Besides, physical spaces - e.g. cities - tend to be iteratively developed over generations, bearing the hallmarks of many different thinking minds, and not optimized for any one particular user flow.
- fire, police, postal, long haul trucks
My hypothesis is that it's either age, physical condition or both.
A sample of a sample of a sample...
> Firstly and perhaps most importantly, selection bias is possible because individuals who are at higher risk of developing Alzheimer’s disease may be less likely to enter or remain in memory intensive driving occupations such as taxi and ambulance driving. This could mean that the lower Alzheimer’s disease mortality observed in these occupations is not due to the protective effect of the job itself but rather because those prone to the disease may have self-selected out of such roles.
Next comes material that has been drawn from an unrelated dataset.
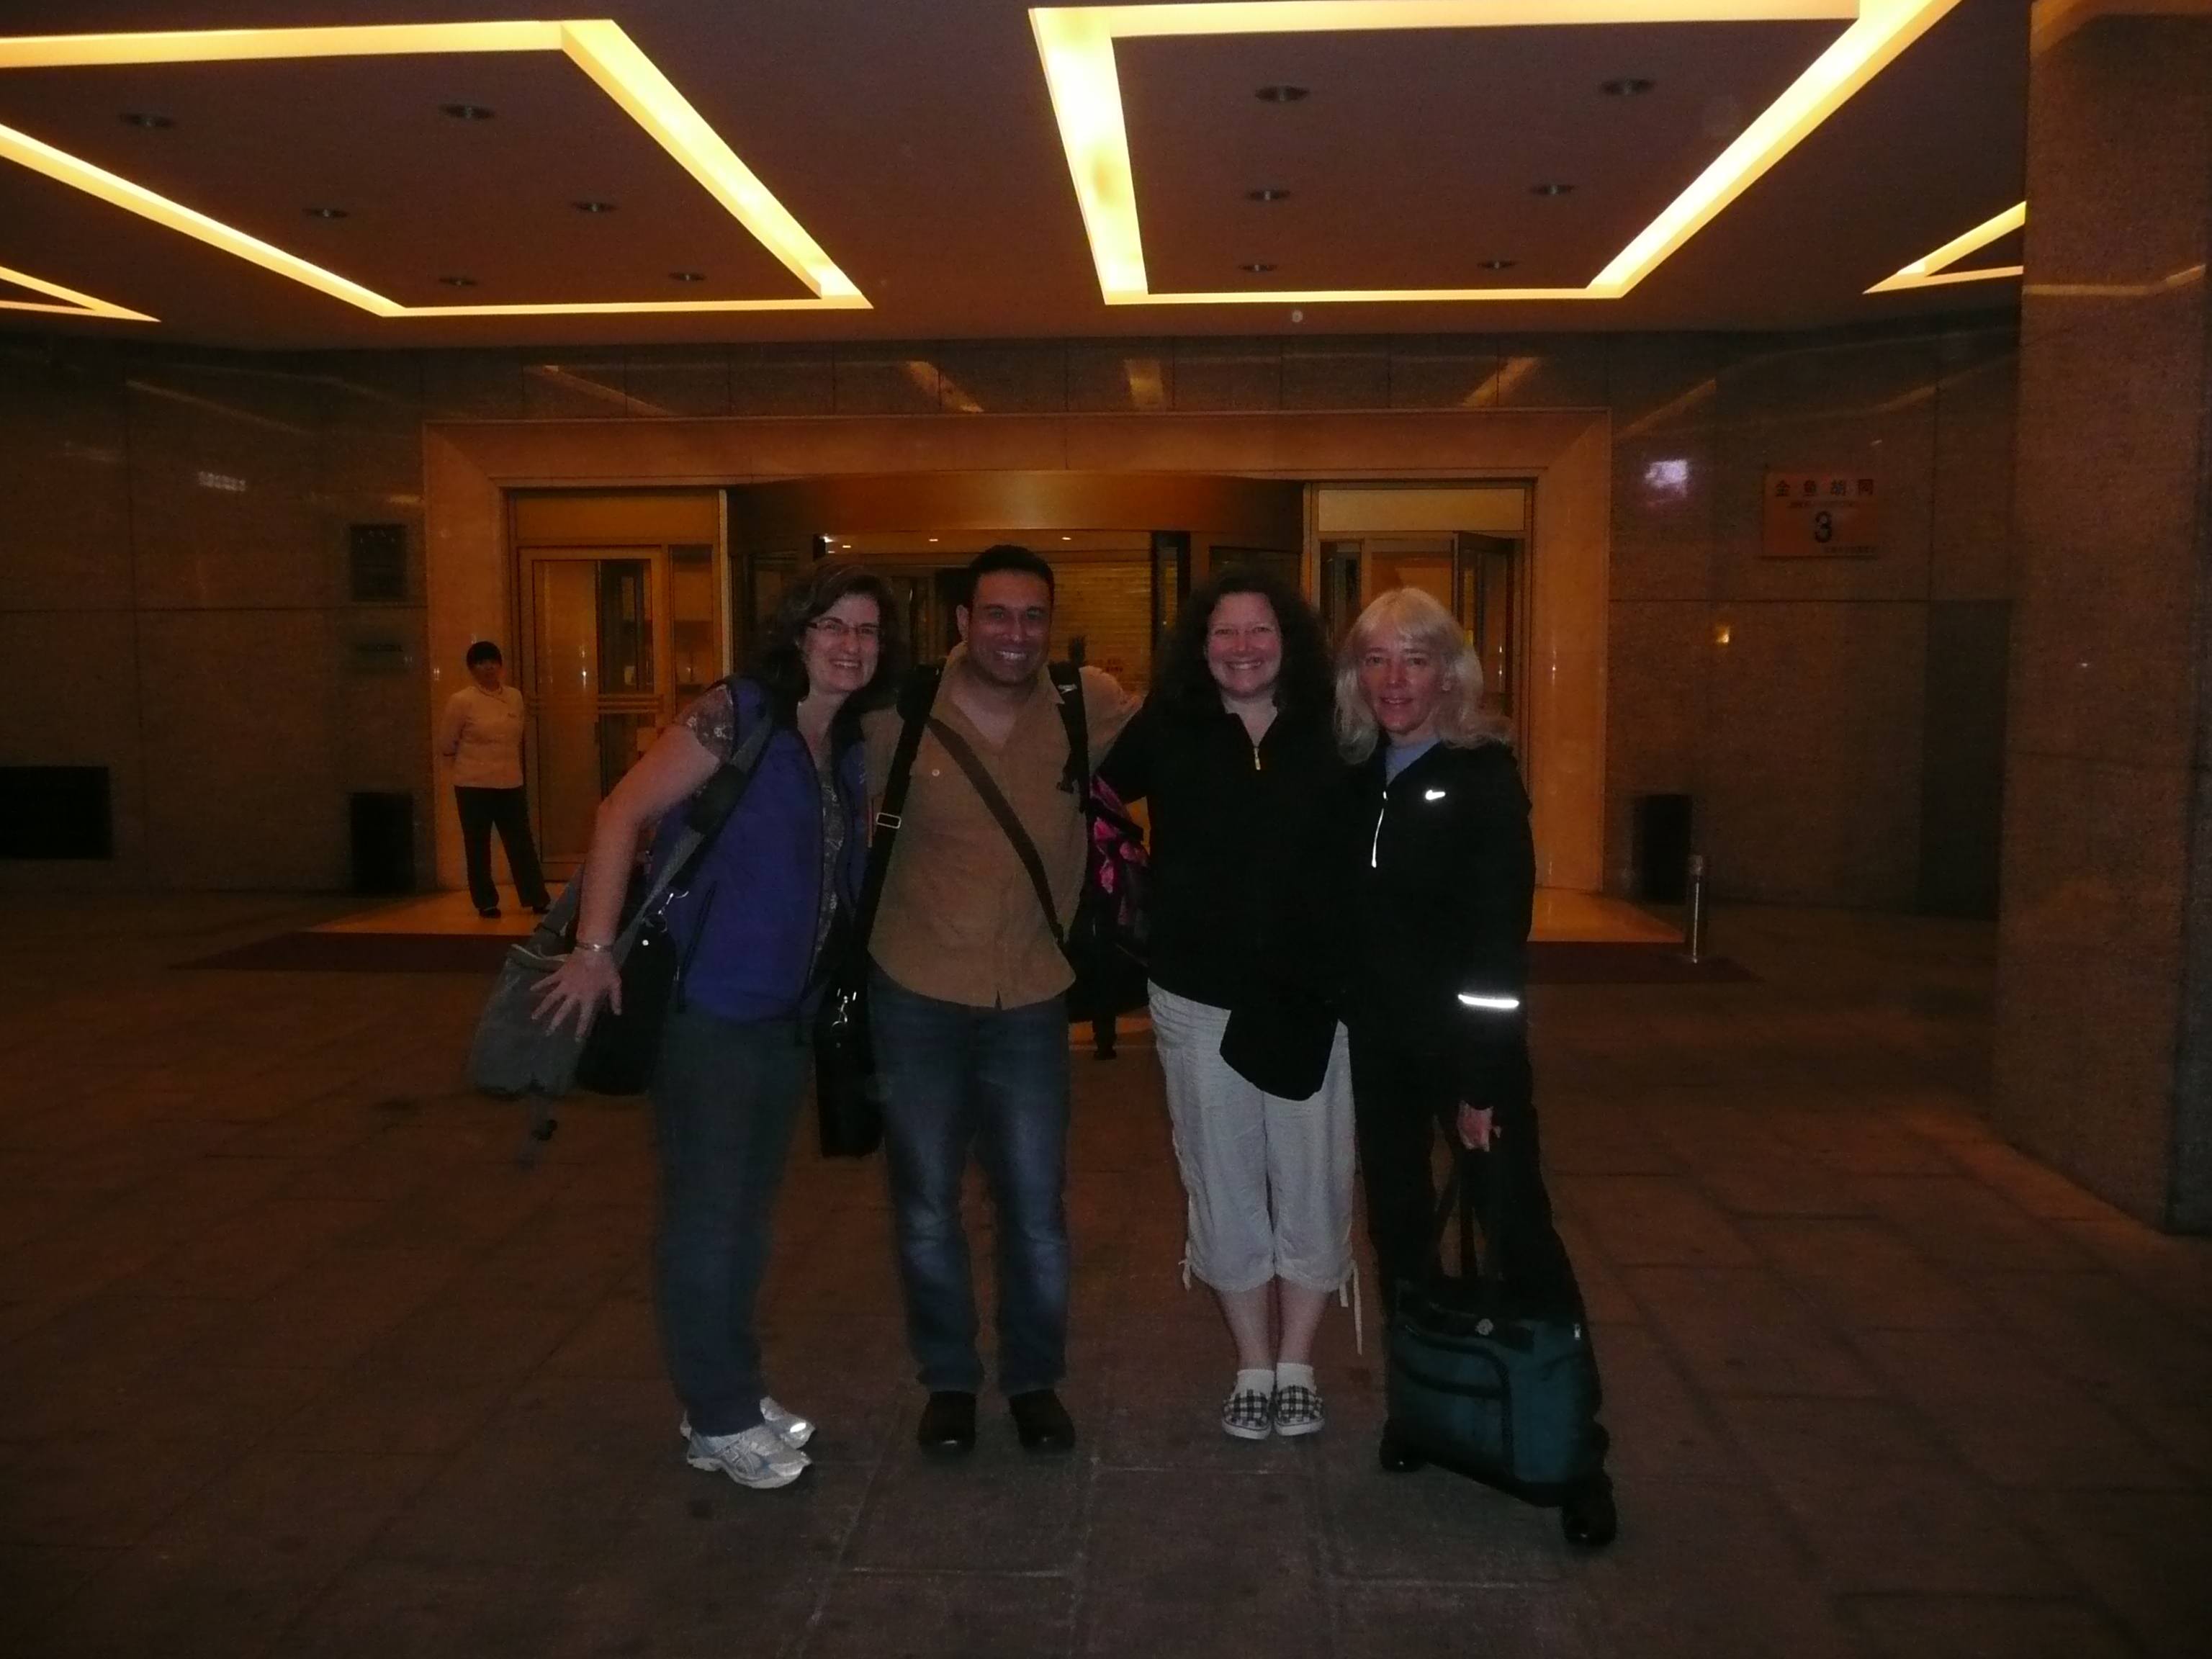 (from left): Anne Porteous, Kevin Paes, Paula Thulin, and Kimberley Nemrava.

However, Alzheimer’s disease symptoms typically develop after patients’ working years, with only 5-10% of cases occurring in people younger than 65 years (early onset).1114 While subtle symptoms could develop earlier, they would still most likely be after a person had worked long enough to deem the occupation to be a so-called usual occupation, suggesting against substantial attrition from navigational jobs due to development of Alzheimer’s disease. Moreover, even if lifelong taxi driving selects for individuals with strong spatial processing, our findings would still suggest an interesting link between spatial processing skills and risk of Alzheimer’s disease.